On my journey into a frightening, cluttered cabinet in the kitchen, I came across an old recipe book from my childhood called,Southern Cookbook *250 Fine Old Recipes*. It is filled with pages and pages of deliciousness that would make a Weight Watcher’s coach keel over in shock.
The recipe that caught my eye was for Kentucky Burgoo. It’s a special stew that is traditionally served on the day of the Kentucky Derby. Burgoo is the quintessential definition of excess. (Recipe to follow – brace yourself.)
In a non sequitur way, my writing brain shifted to a first draft where excess rules supreme.
(This is the portion of the post where plotters wring their hands and gnash their teeth, while pantsers dance naked in the forest.)
Where else in our writing process can we toss everything lying around the corners of our brain into the story? The first draft is the “try anything” canvas. We jump from the high dive. The “editor has left the room sign” should be blinking when we pour out our heart and soul into the birth of our manuscript. We should break out into the song “Anything Goes.”
FIRST DRAFT RECIPE
Sprinkle in similes
Mess with metaphors
Align audacious alliteration
Electrify your eloquence
Scintillate the story stakes
Offer up onomatopoeia
Mesmerize your MC
Quantify your quest
Hold nothing back and fall in love with your story.
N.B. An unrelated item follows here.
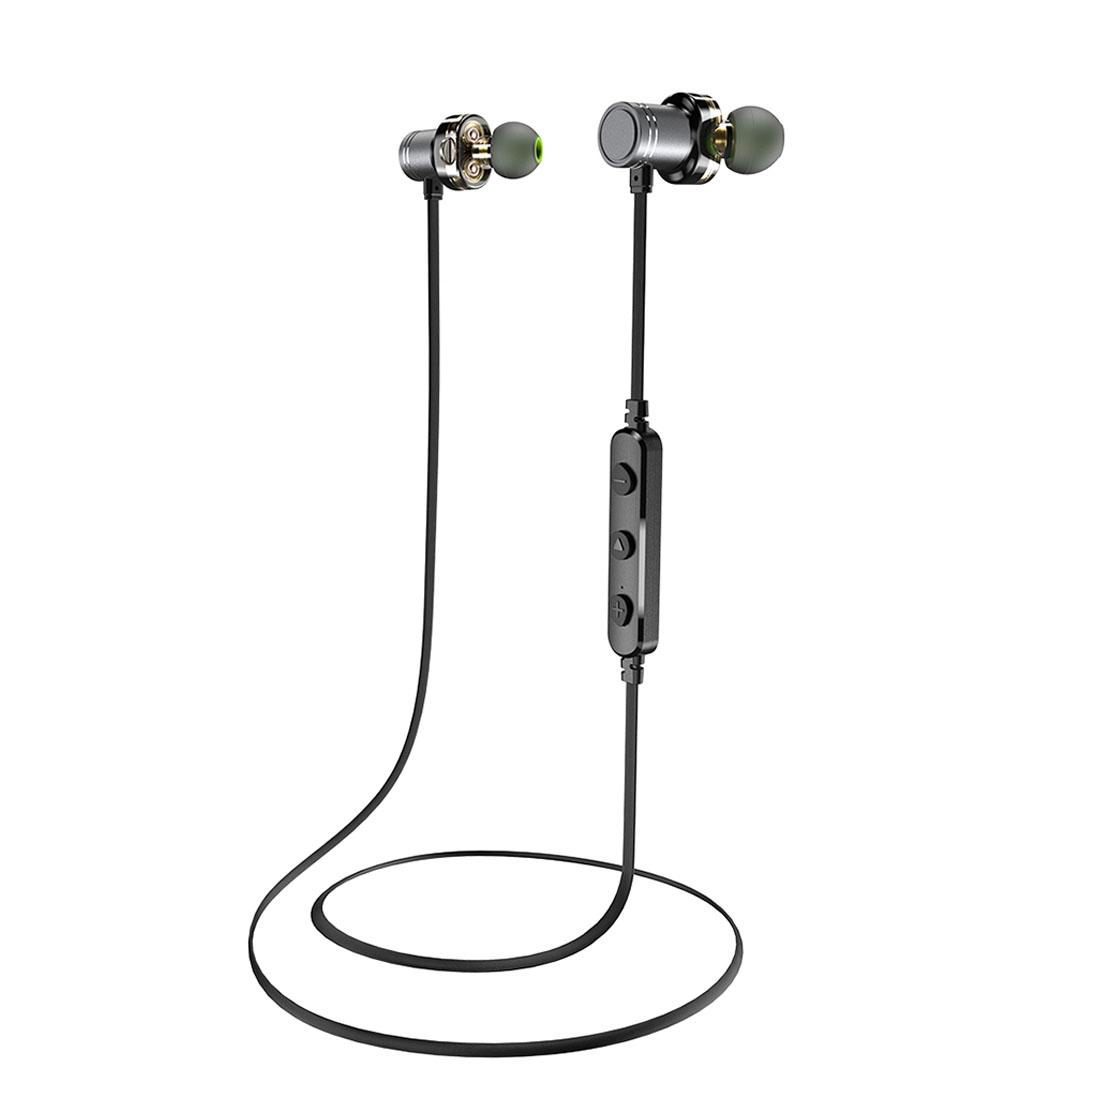 Awei X670bl Outdoor Sports Ipx4 Waterproof Anti Sweat Magnetic Fashion Stereo Bluetooth Earphone

There is plenty of time – and necessity - in the revision process for trimming, slashing, rethinking, changing, changing, and changing again.
My wish for you is to taste that wild abandon where you plunge into the garden of excess, writing on the white hot wave of inspiration during your glorious first draft.
Historically served to huge crowds at political rallies, horse sales, and other outdoor events. (Hmmm – maybe an idea for the SCBWI LA Conference gala?)
600 lbs. lean soup meat (no fat, no bones)
200 lbs. fat hens
2000 lbs. potatoes, peeled and diced
200 lbs. onions
5 bushels of cabbage, chopped
60 10lb. cans of tomatoes
24 10lb. cans puree of tomatoes
24 10lb. cans of carrots
18 10lb. cans of corn
Red pepper and salt to taste (are you laughing yet?)
Season with Worcestershire, Tabasco, or steak sauce
Mix the ingredients, a little at a time, and cook outdoors in huge iron kettles over wood fires from 15 to 20 hours. Use squirrels in season…one dozen squirrels to each 100 gallons. (I did not make up the squirrel part. Who knew there was an actual squirrel season?)
And THAT, my friends, is excess. Happy first drafting.